Live in a city? Want to find out how safe you are? The Economist Intelligence Unit (EIU) has got you covered.

The EIU released its Safe Cities Index 2015 this week, which rates 50 cities based on how well they do in four safety-related factors:

1. Digital security: cyber security, privacy, safety from identity theft

2. Health security: cost and quality of health services, environment and air/water quality

3. Infrastructure security: condition of roads, bridges, and buildings, transportation safety

4. Personal safety: crime and violence, perceptions of personal security

Tokyo, the world’s most populous metropolitan area, took the prize for safest overall city, and also won for best digital security. Zurich was tops in both health and infrastructure, and Singapore in personal security.

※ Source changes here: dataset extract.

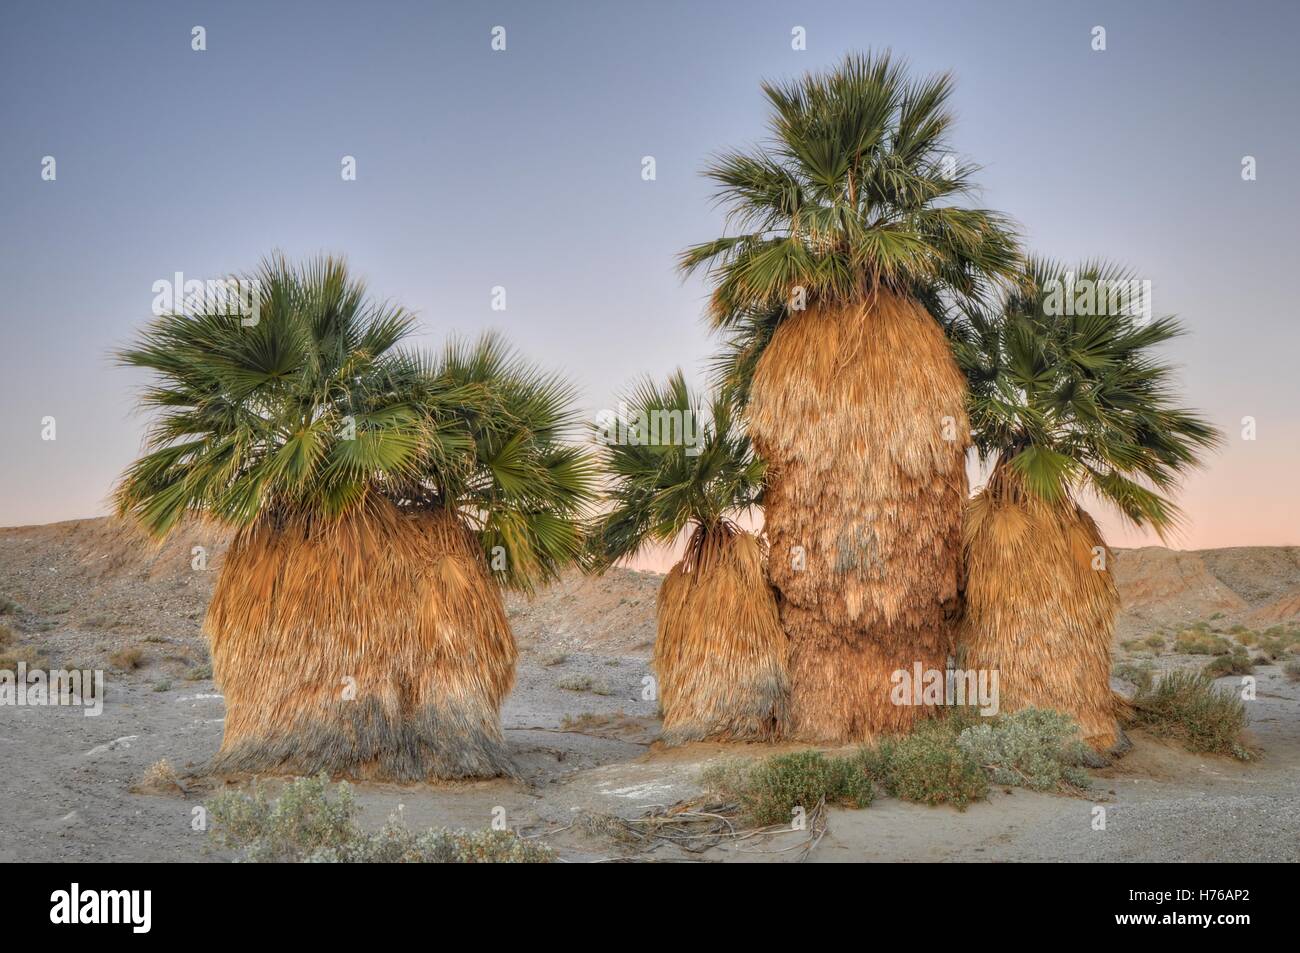 Palmiers, parc national du désert d'Anza Borrego, Californie, États-Unis Banque D'Images

Across all the EIU’s indexes, which include “liveability,” “cost of living,” “food security” and more, the undisputed heavyweight champion of the world is…

Toronto.

Here’s the grain of salt. You’ll probably notice that some cities dubbed the most liveable are missing from the list of safe cities. Where’s Vancouver? Vienna? The report doesn’t make fully clear why many cities that top EIU’s Global Liveability Index fail to show up on the Safety Index.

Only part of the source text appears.